Biography of Clarence A. GAGNON

Clarence Gagnon by Edmond Dyonnet

 

BIOGRAPHY

Gagnon was born in Montreal in 1881 and began studying art in 1897 with William Brymner at the Art Association of Montreal. He went to Paris in 1904 to study at the Académie Julian, where Jean-Paul Laurens encouraged his students to compose with clarity and simplicity. He also distinguished himself as a printmaker, winning awards in the United States and France for his picturesque engravings of villages and towns. In 1909, he began to divide his time between Montreal and Charlevoix County, east of Quebec City, on the north shore of the St. Lawrence – “Christmas card country”, as his friend Jackson called it. Already attracted to the work of artists such as Horatio Walker, who celebrated the hardships of farm life, Gagnon became renowned for the winter villages  of his native land. Although he would live most of his life in France, his years in Baie-St-Paul, from 1919 to 1924, furnished him with memories of the toils and virtues of rural life.

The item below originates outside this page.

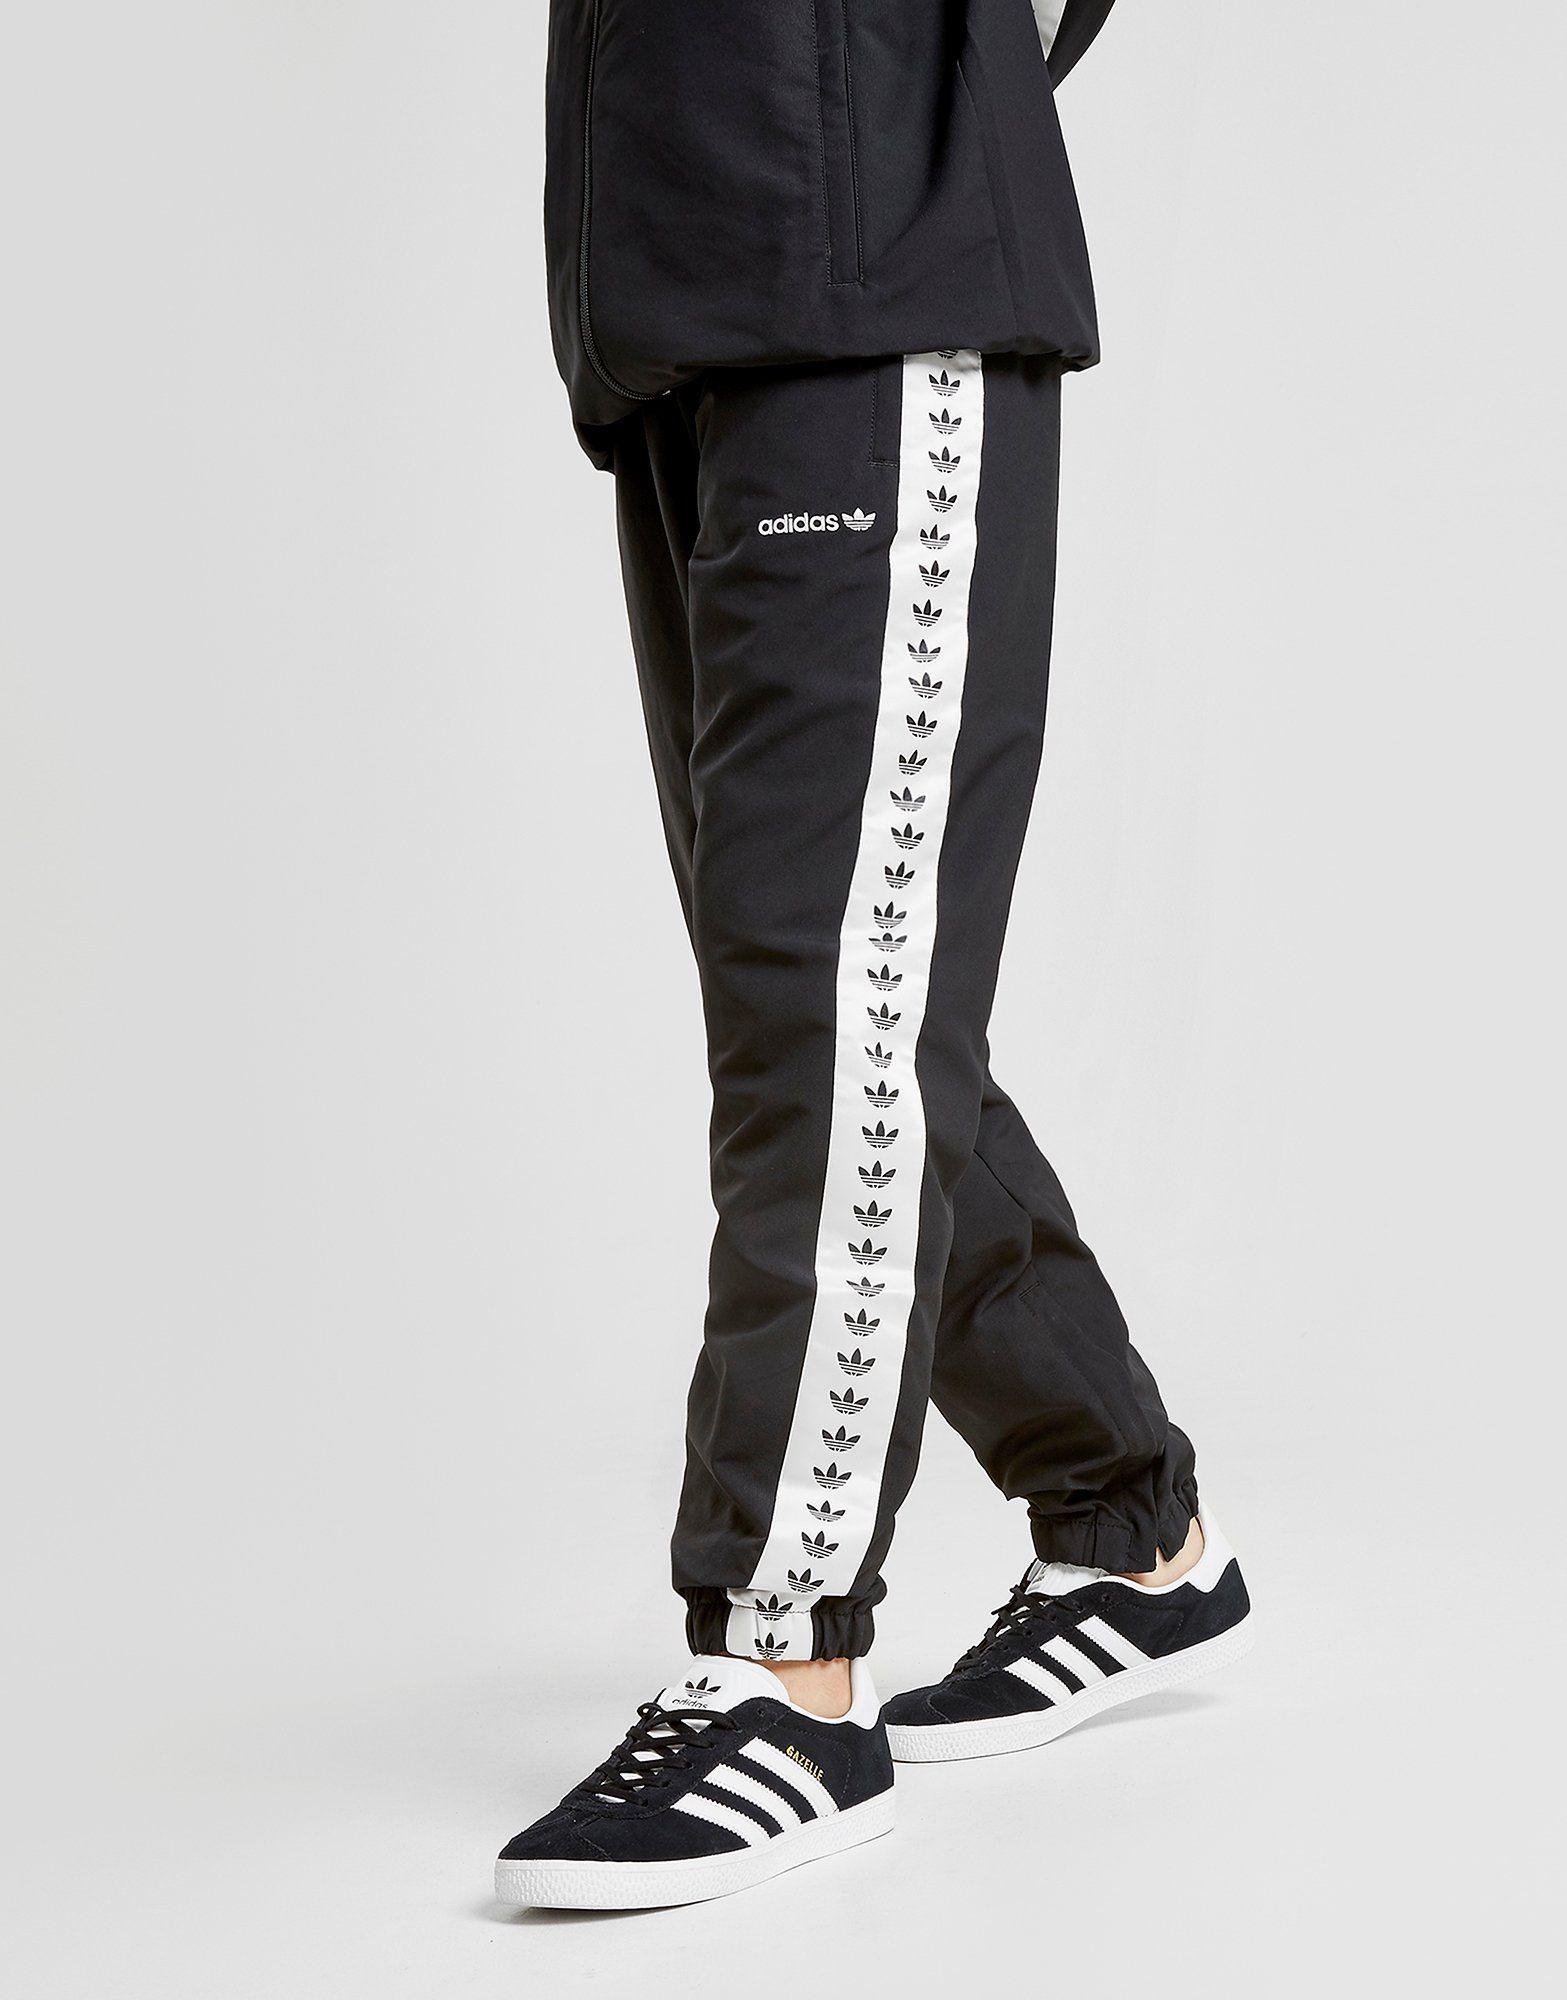 adidas Originals Tape Woven Track Pants
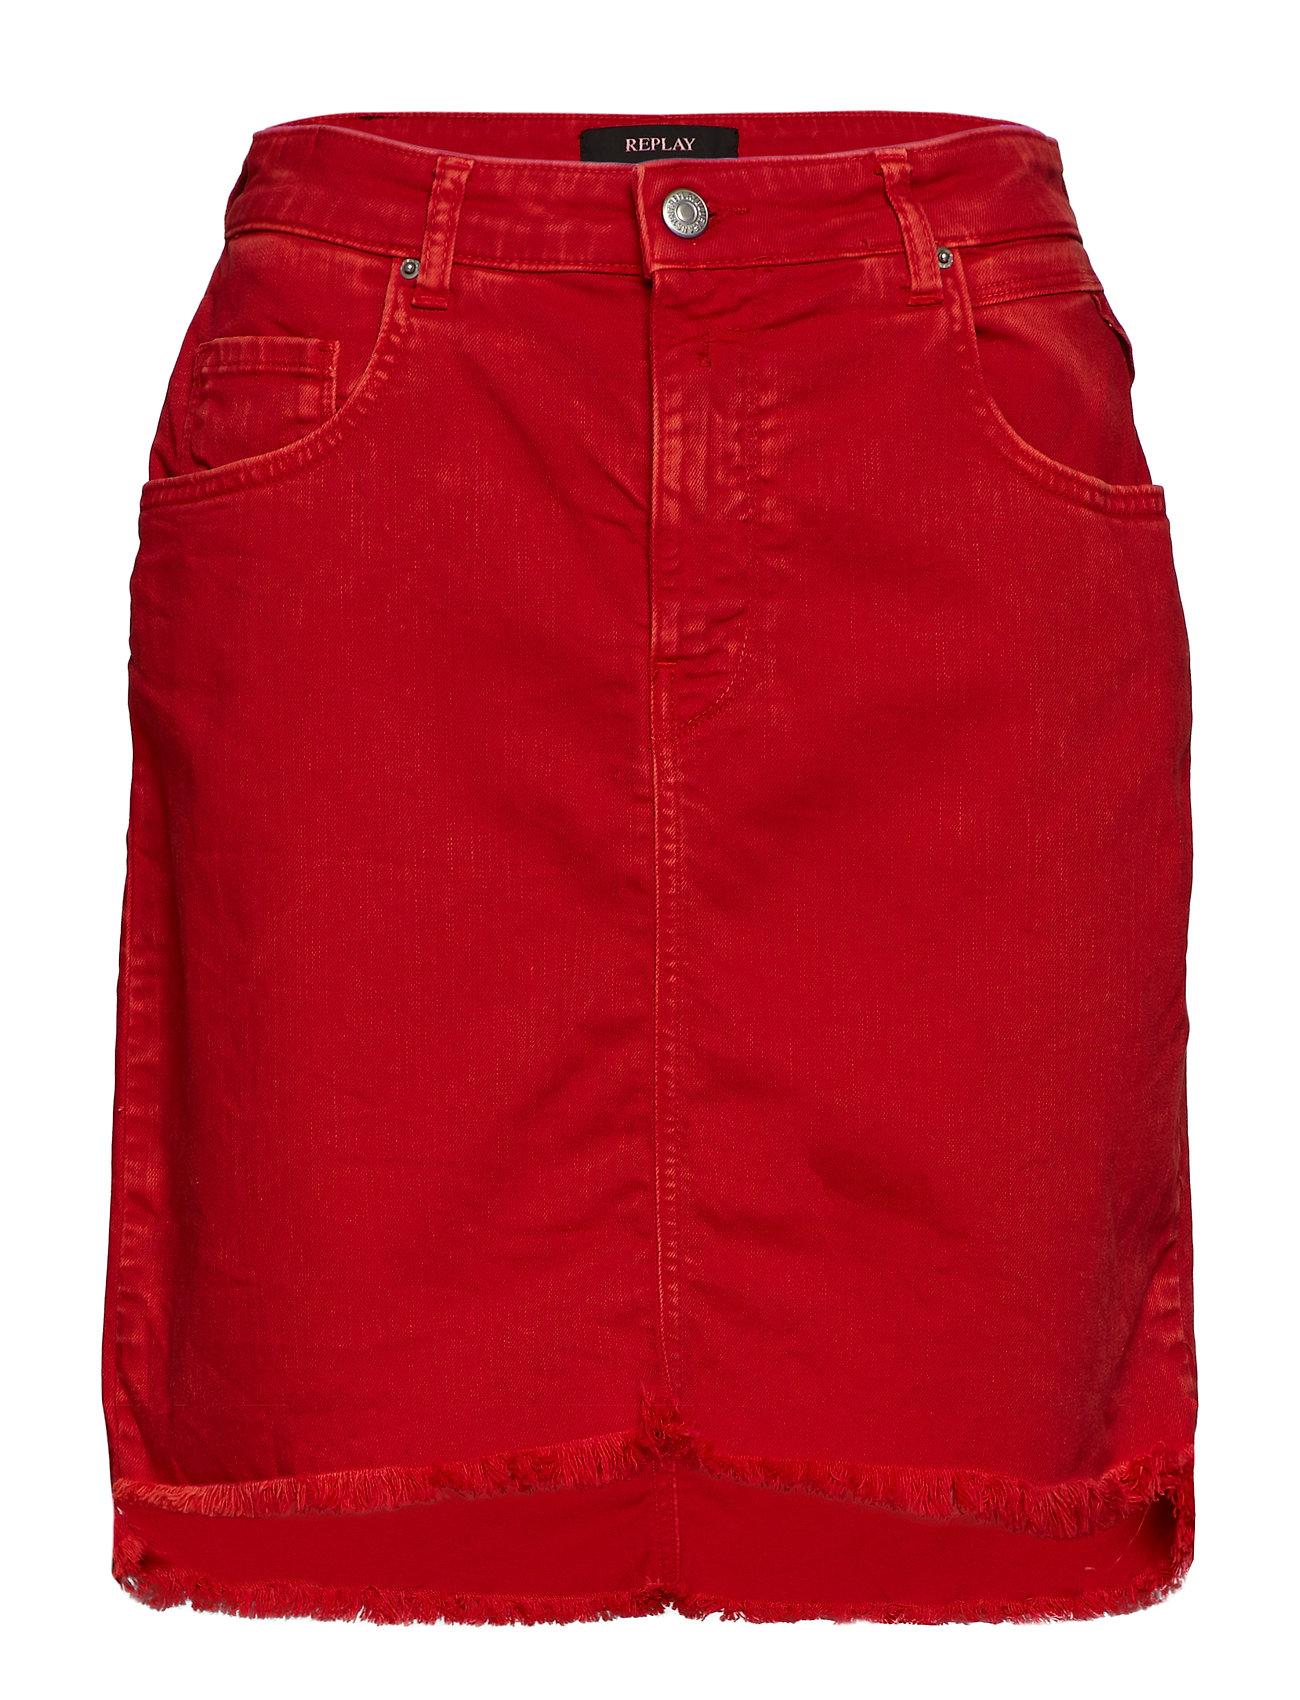 Replay Skirt - BRIGHT RED

In 1928, Gagnon embarked on his most famous oeuvre: the 54 paintings that would illustrate the 1933 deluxe edition of Louis Hémon’s novel Maria Chapdelaine. Drawing on his experience of the customs and hardships of the communities of rural Quebec, Gagnon pictured the changing seasons and rituals of these people who lived close to the land. “My purpose in illustrating Maria Chapdelaine”, he wrote, “was to catch the spirit of Canada and of the French-Canadian life, which the book immortalizes. That book represents the struggle of a brave little minority and reveals the true pioneering instinct  of those early settlers. It is Canadian and yet universal in its picture of a struggle where people are determined to maintain their own religion, language and customs”.

 

SUBJECT

Like his contemporaries in the Group of Seven, Clarence Gagnon longed to dissociate himself from an academic tradition in painting and was interested in creating a national art, although not one based on the untamed wilderness. Gagnon’s idea of “national” was rooted in his love of the people and the land of Quebec, as reflected in his depictions of cultivated landscapes, in which nature has been transformed by agriculture and human settlements.

 

TECHNIQUE/MEDIUM

Gagnon was a painter and a printmaker. He travelled throughout Europe, employing the vivid palette and loose brushwork of the Impressionists that he would later apply to his painting of Canadian subjects.